--- START ---

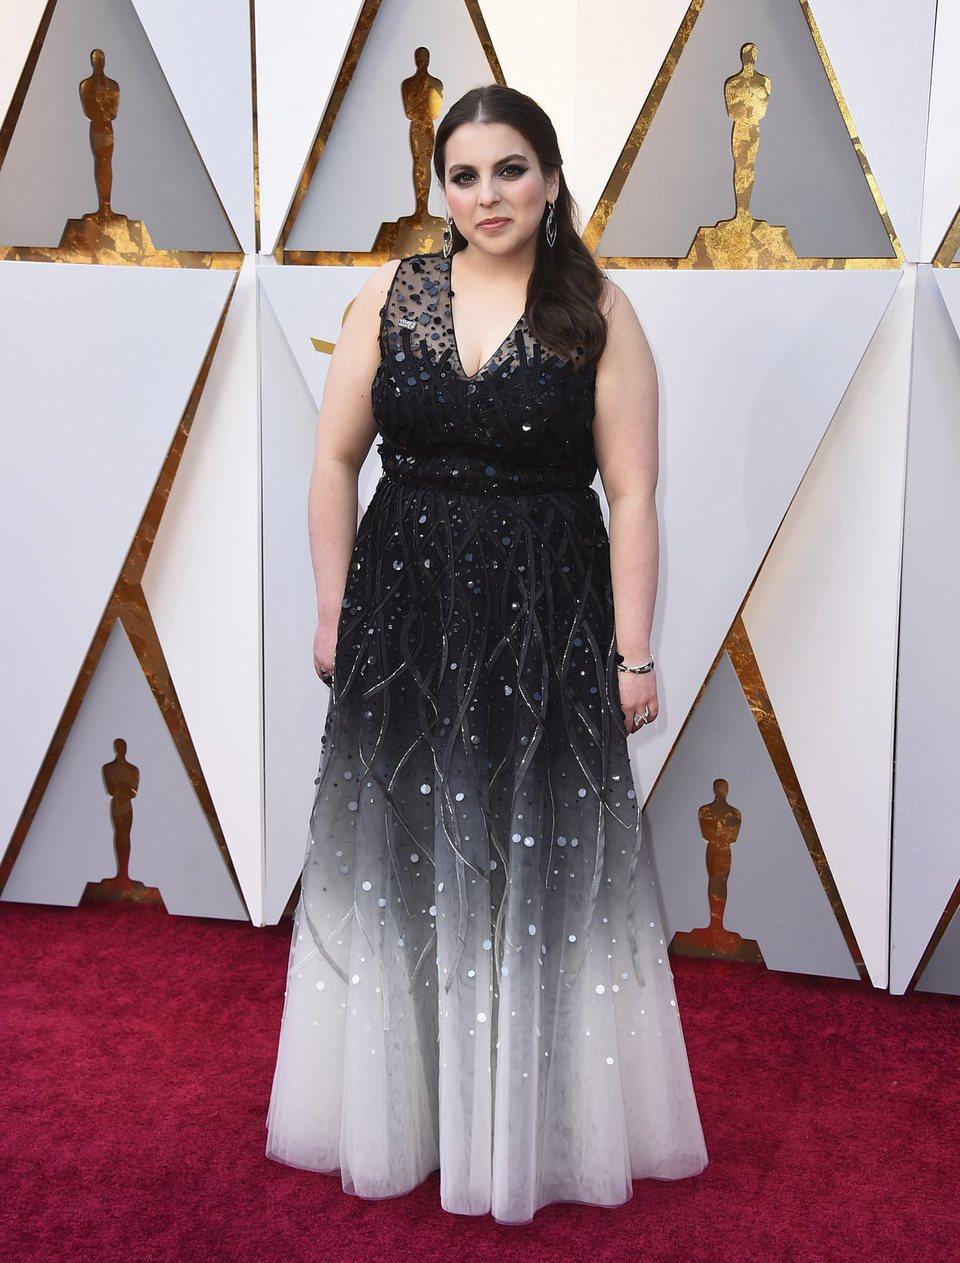 Beanie Feldstein at Oscars 2018 the red carpet
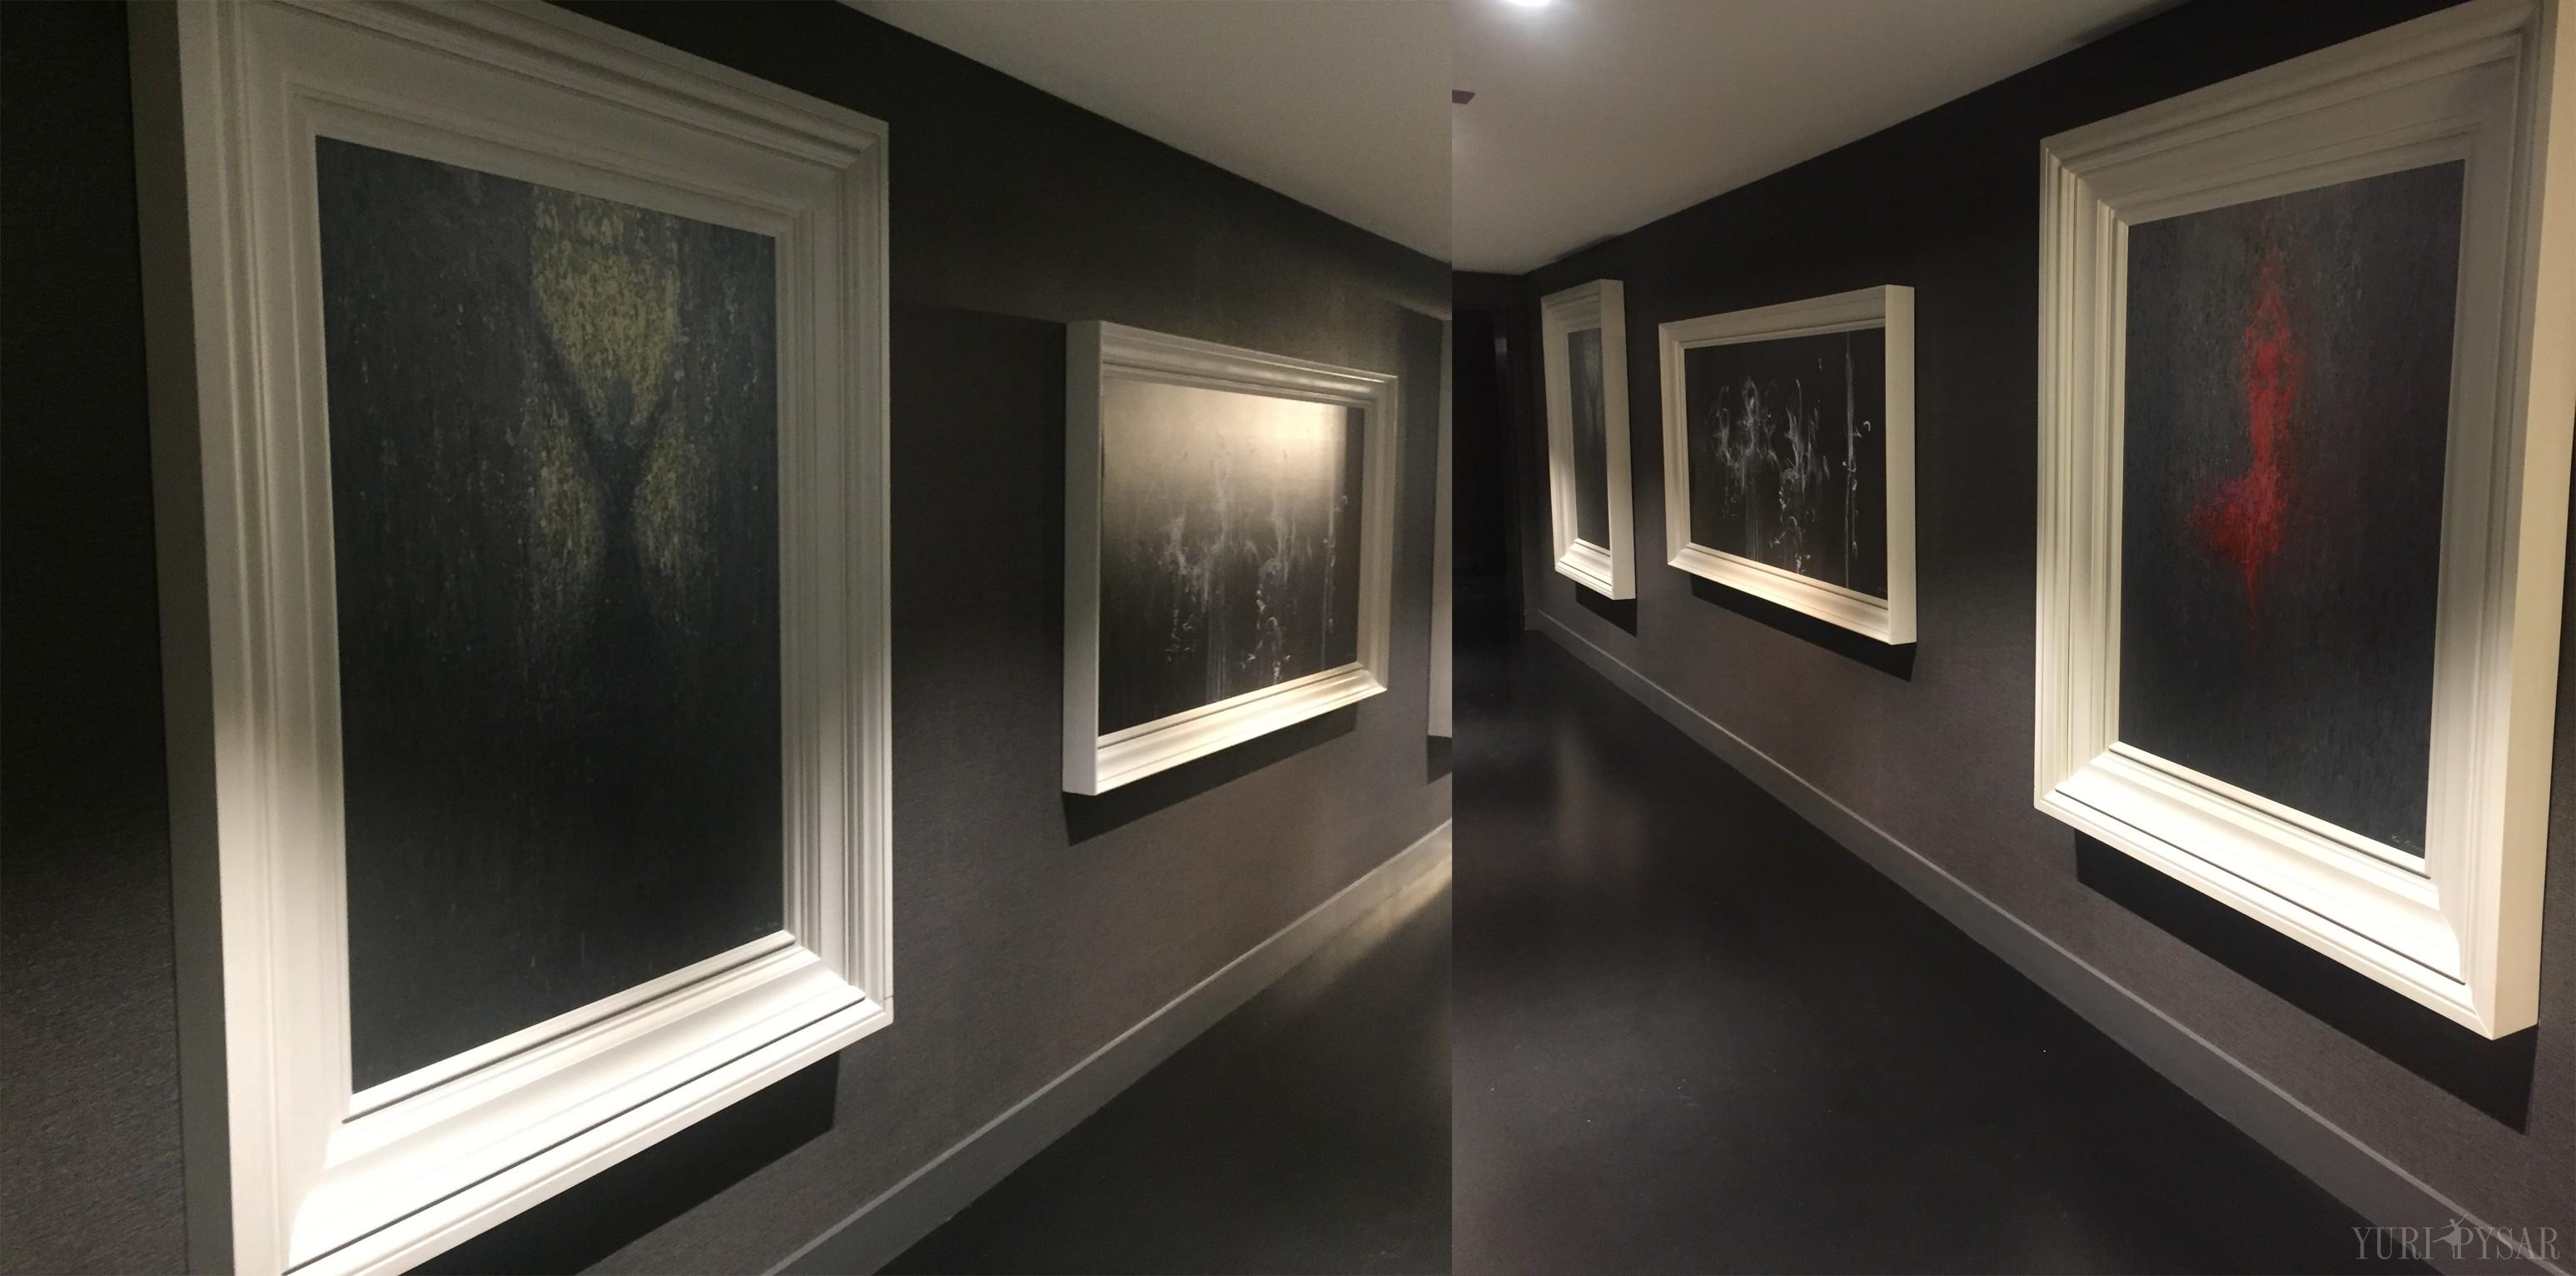 yuri pysar paintings in chicago renaissance hotel
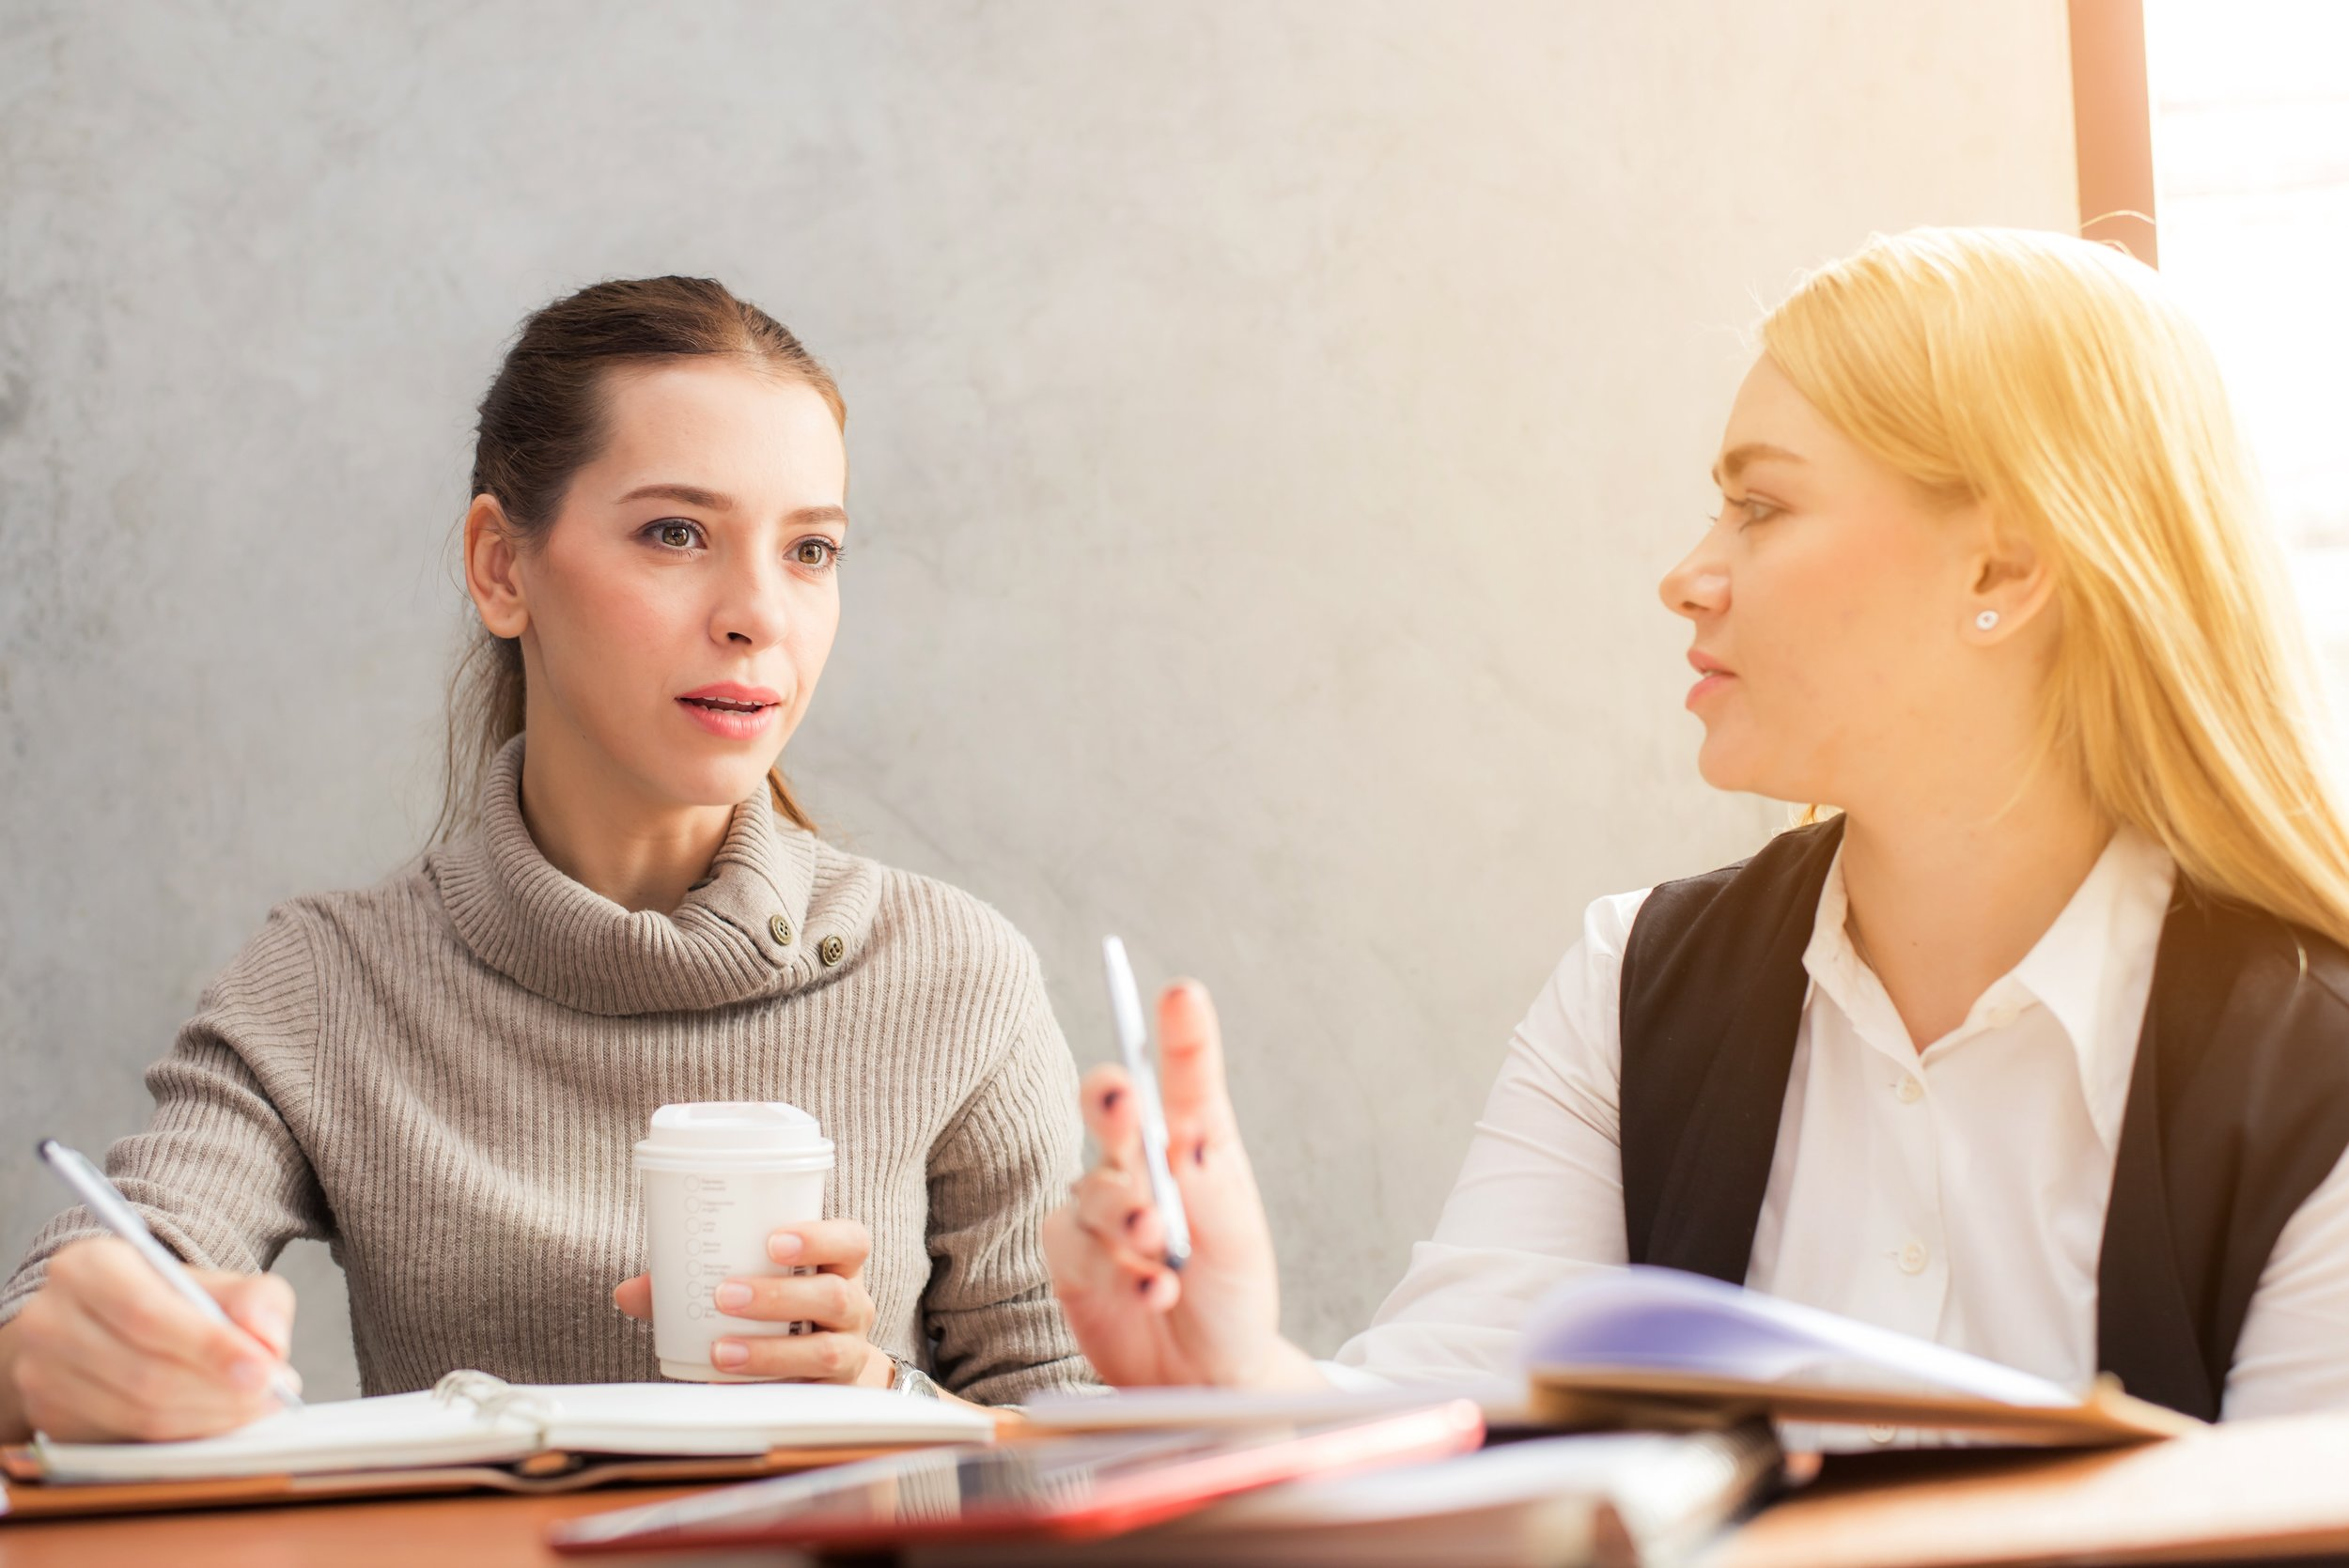 beautiful-brainstorming-businesswomen-601170.jpg

--- END ---

Each line of the data above must be reproduced as written. Skip the pictures.

▸ Your response:
 Beanie Feldstein at Oscars 2018 the red carpet
 yuri pysar paintings in chicago renaissance hotel
 beautiful-brainstorming-businesswomen-601170.jpg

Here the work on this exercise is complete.